A new courseware page — topics in computer architecture — is now available. This page covers a wide mix of topics from RISC vs. CISC to non-von Neumann languages and architectures. You might just find an interesting lecture or two for a special topics seminar about computer architecture.
Way back when in the early eighties, I had a chance to work with Al Davis at the University of Utah. Al was a proponent of data-driven dataflow computers. His ideas showed me that there are alternatives to centralized synchronous control, sequential programming and the von Neumann memory bottleneck. The topics page has links to information about some of this interesting work.
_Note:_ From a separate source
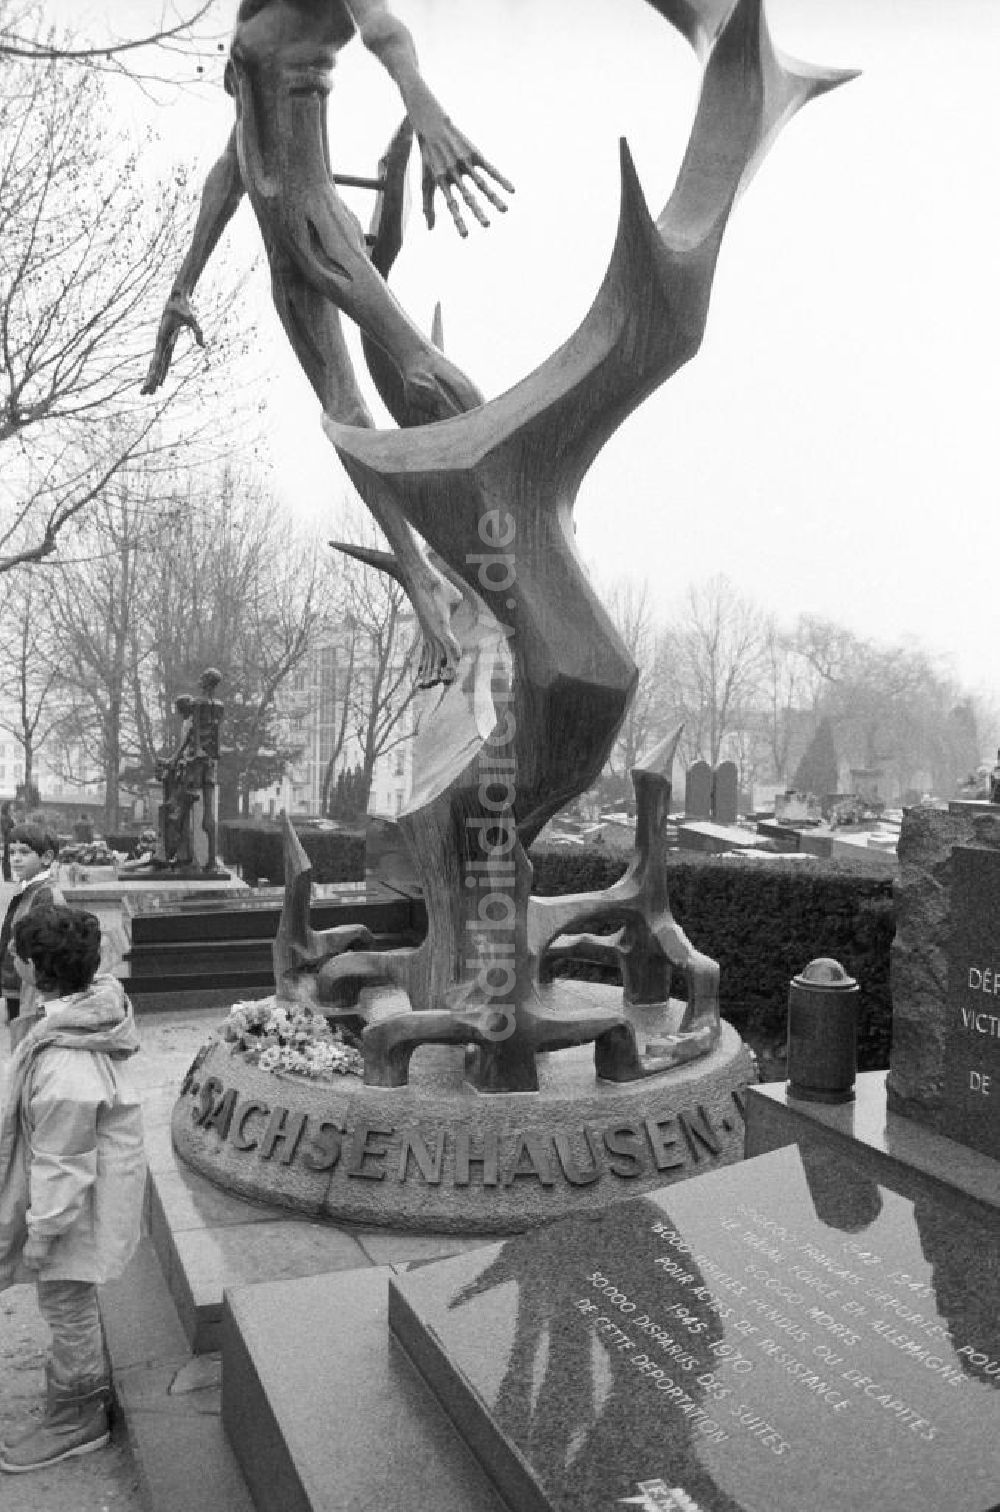 Paris: Denkmal Oranienburg-Sachsenhausen auf dem Friedhof Pere Lachaise in Frankreich-Paris
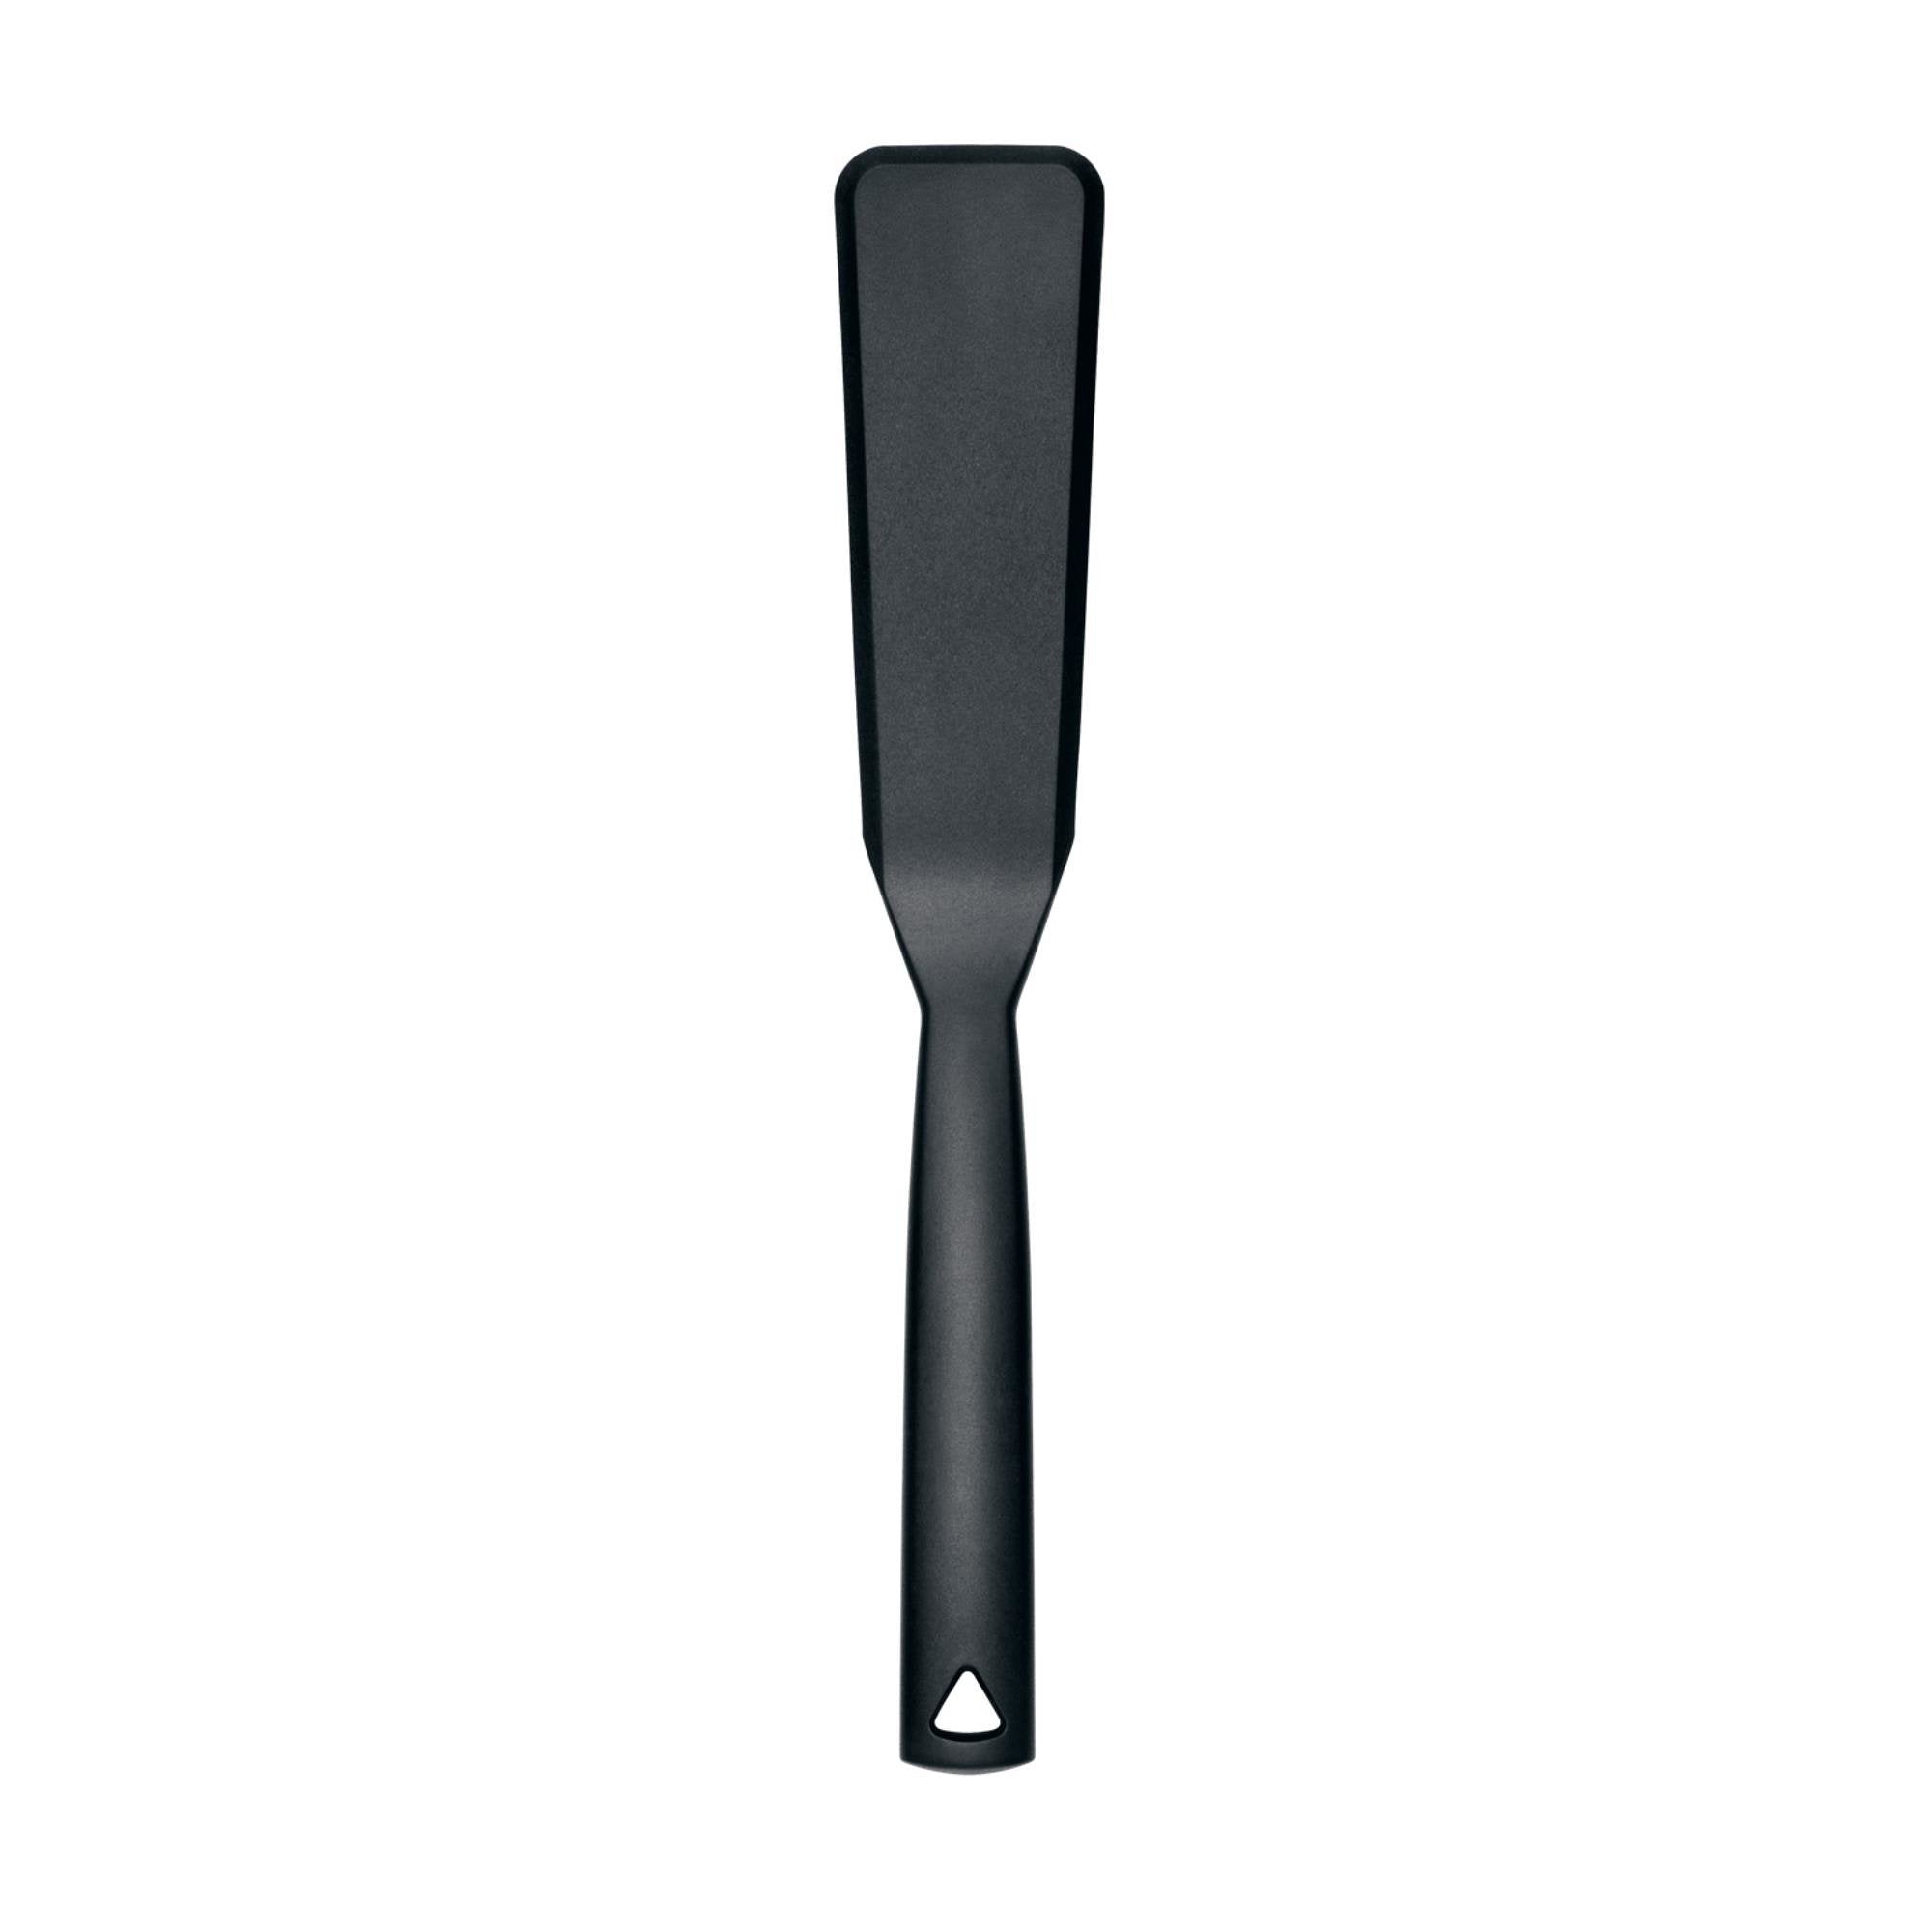 Triangle Hittebestendige Nylon Spatel met Ophangsysteem - 30 cm - Zwart

Looking back, I’m struck at how mired we are in the von Neumann architecture! Sure, there are a few projects underway to investigate alternatives like quantum computing, functional programming languages, and so forth. However, the world remains dominated by the centralized, sequential von Neumann model and programming languages in which parallelism is glued on through a (class) library or two. General purpose GPU (GPGPU) computation is not really that radical. Yes, GPGPU computation is data parallel, but the underlying model is the sequential execution of SIMD instructions. Speculative execution is a bit of a kludge to allow conditional execution in highly sequential SIMD programs. Further, data transfer from memory to execution units remains a limiting factor in performance.
I think we need to introduce students to a wide range of computing models. Hopefully, some young, clever soul will find a way to pull us out of our rut!